The challenge for Optum and Amedisys now becomes clearing regulatory review, which will likely include multiple rounds of scrutiny from the Federal Trade Commission (FTC).

Optum closed a $5.4 billion acquisition of another home health and hospice titan, LHC Group, in February. That deal, originally announced in March 2022, went through a rigorous review process, with FTC requesting more information last summer before reportedly looking into vertical harm theory concerns at the start of 2023.

If they were both under Optum, a combined Amedisys-LHC Group home health business would capture an industry market share of about 10%.

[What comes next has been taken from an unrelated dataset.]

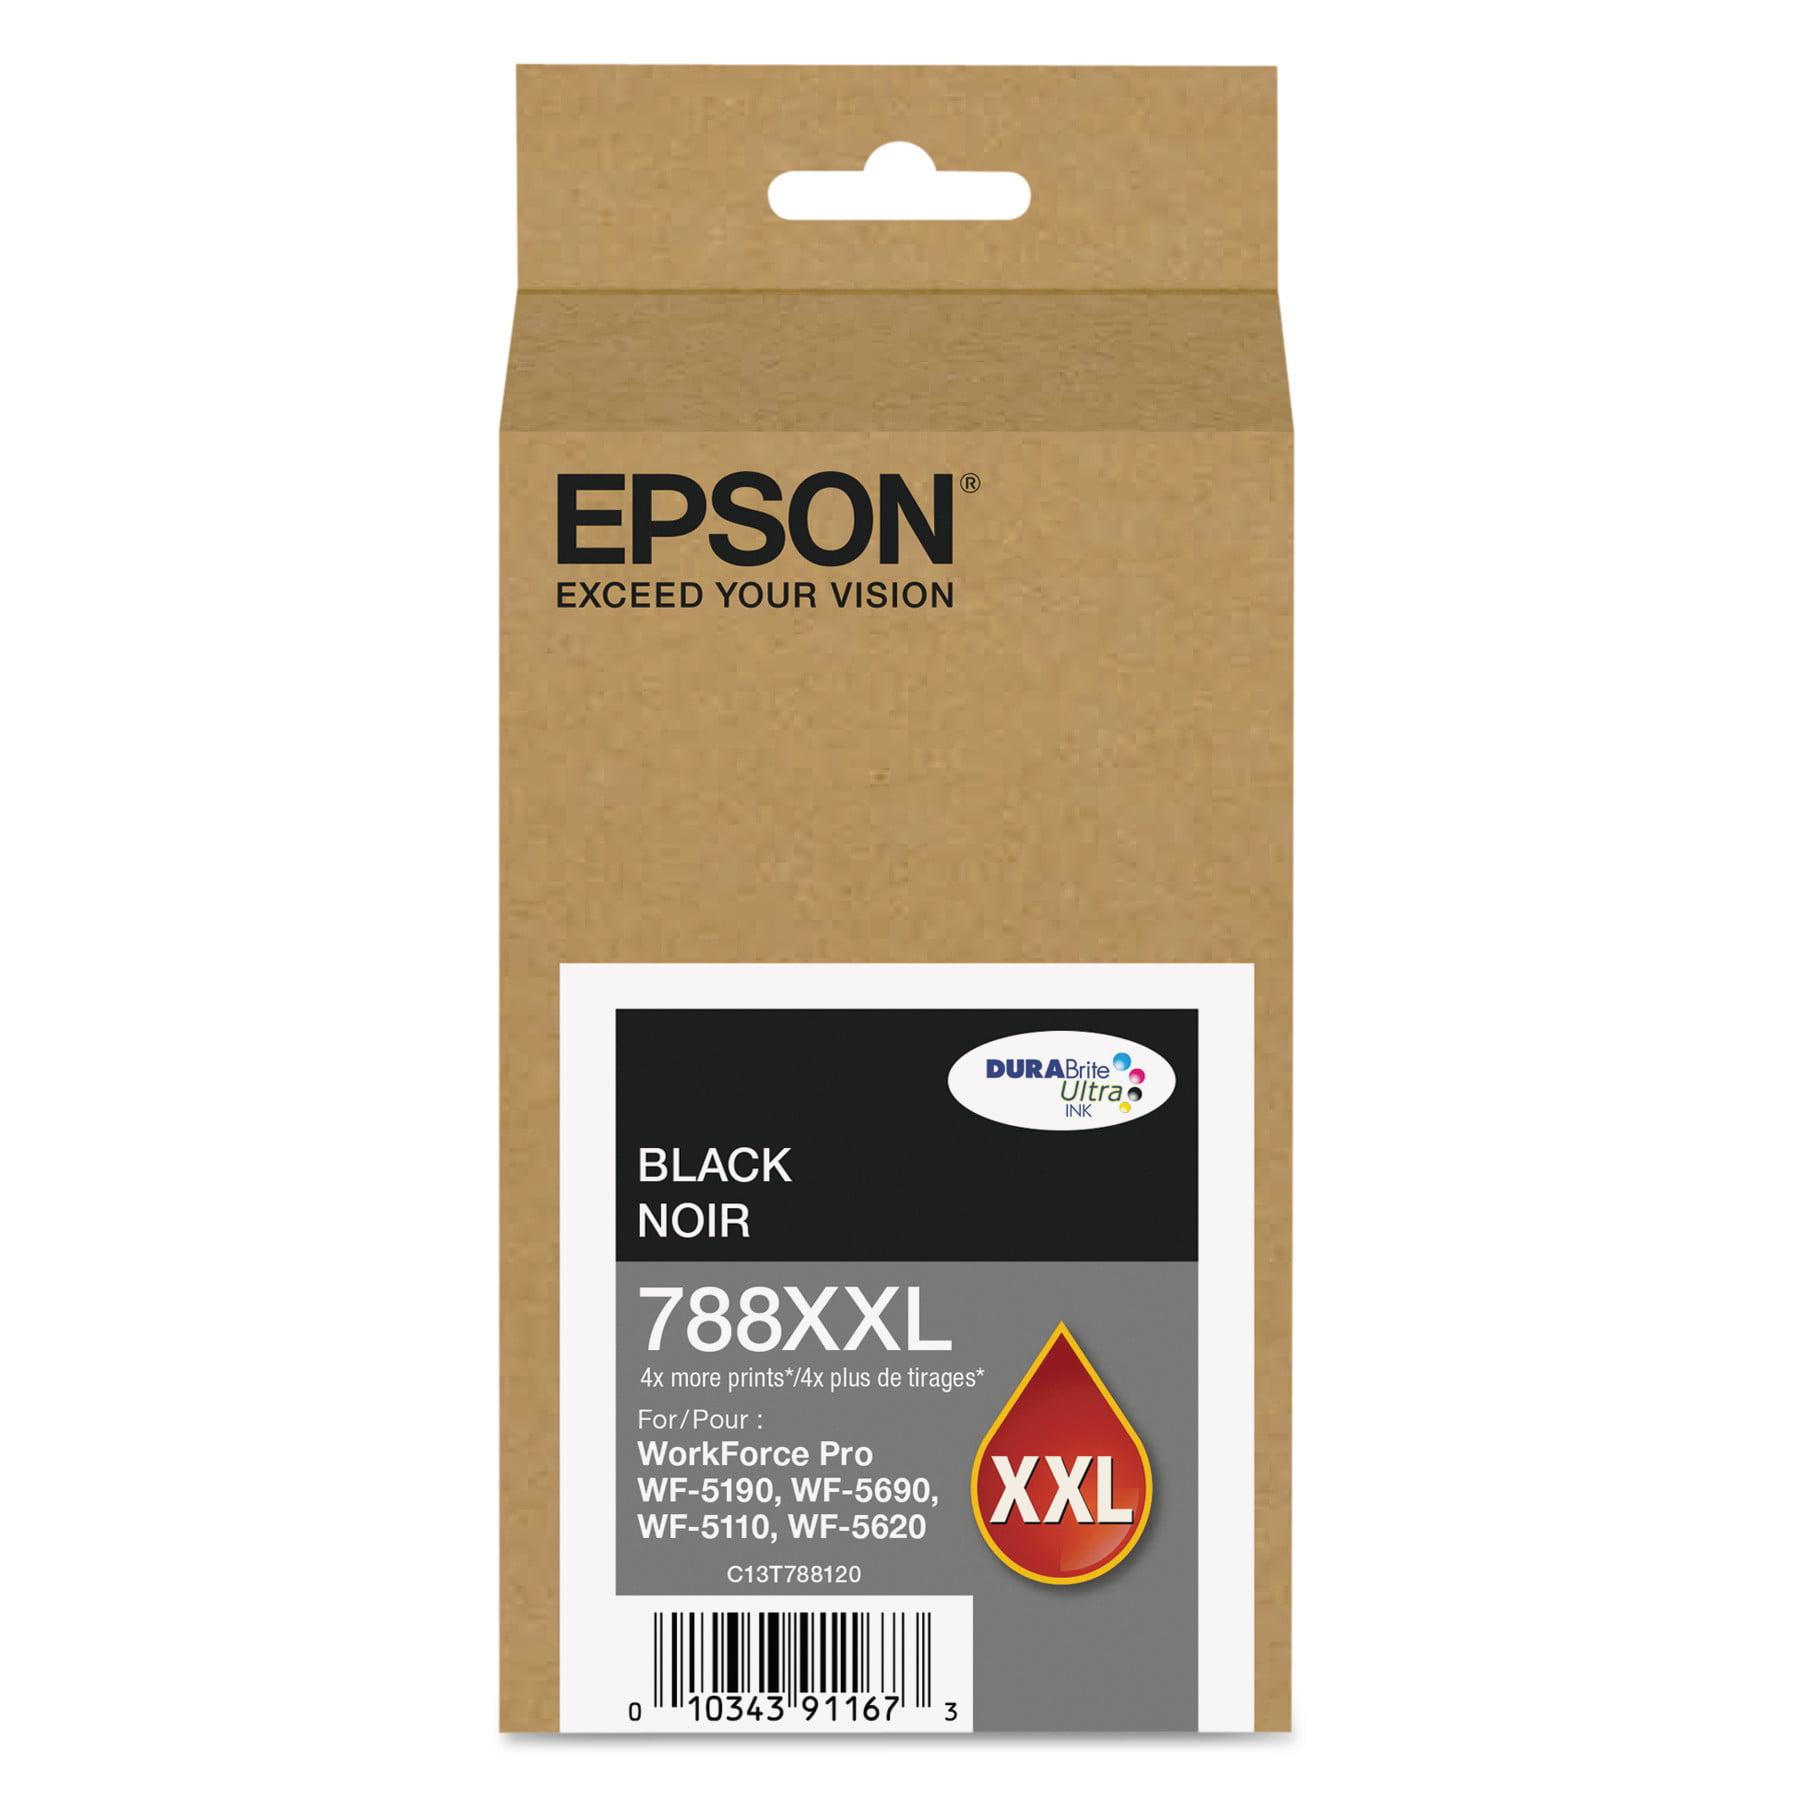 Epson T788XXL120 (788XXL) DURABrite Ultra XL PRO High-Yield Ink, Black by Epson

“If you’re looking into the crystal ball, based on other recent areas in health care that we’ve seen the FTC take some action, there’s definitely some potential for increased scrutiny,” Tyler Giesting, a director at West Monroe, recently told Home Health Care News.

One factor that falls in Optum’s favor: There’s “fairly minimal overlap” between LHC Group’s geographic presence and the footprint of Amedisys, the Jefferies note highlights.

“We think this deal will get a second request given the government’s recent focus on UNH’s acquisition history (i.e., LHCG), and we could see potential divestitures in a few select markets,” it reads. “Altogether, we still believe there’s little anti-trust risk associated with this transaction, especially given AMED’s sub-10% market share.”

If Optum isn’t able to acquire Amedisys due to antitrust issues or similar regulatory concerns, UnitedHealth Group will be required to pay Amedisys a fee of $144 million, the SEC filing states.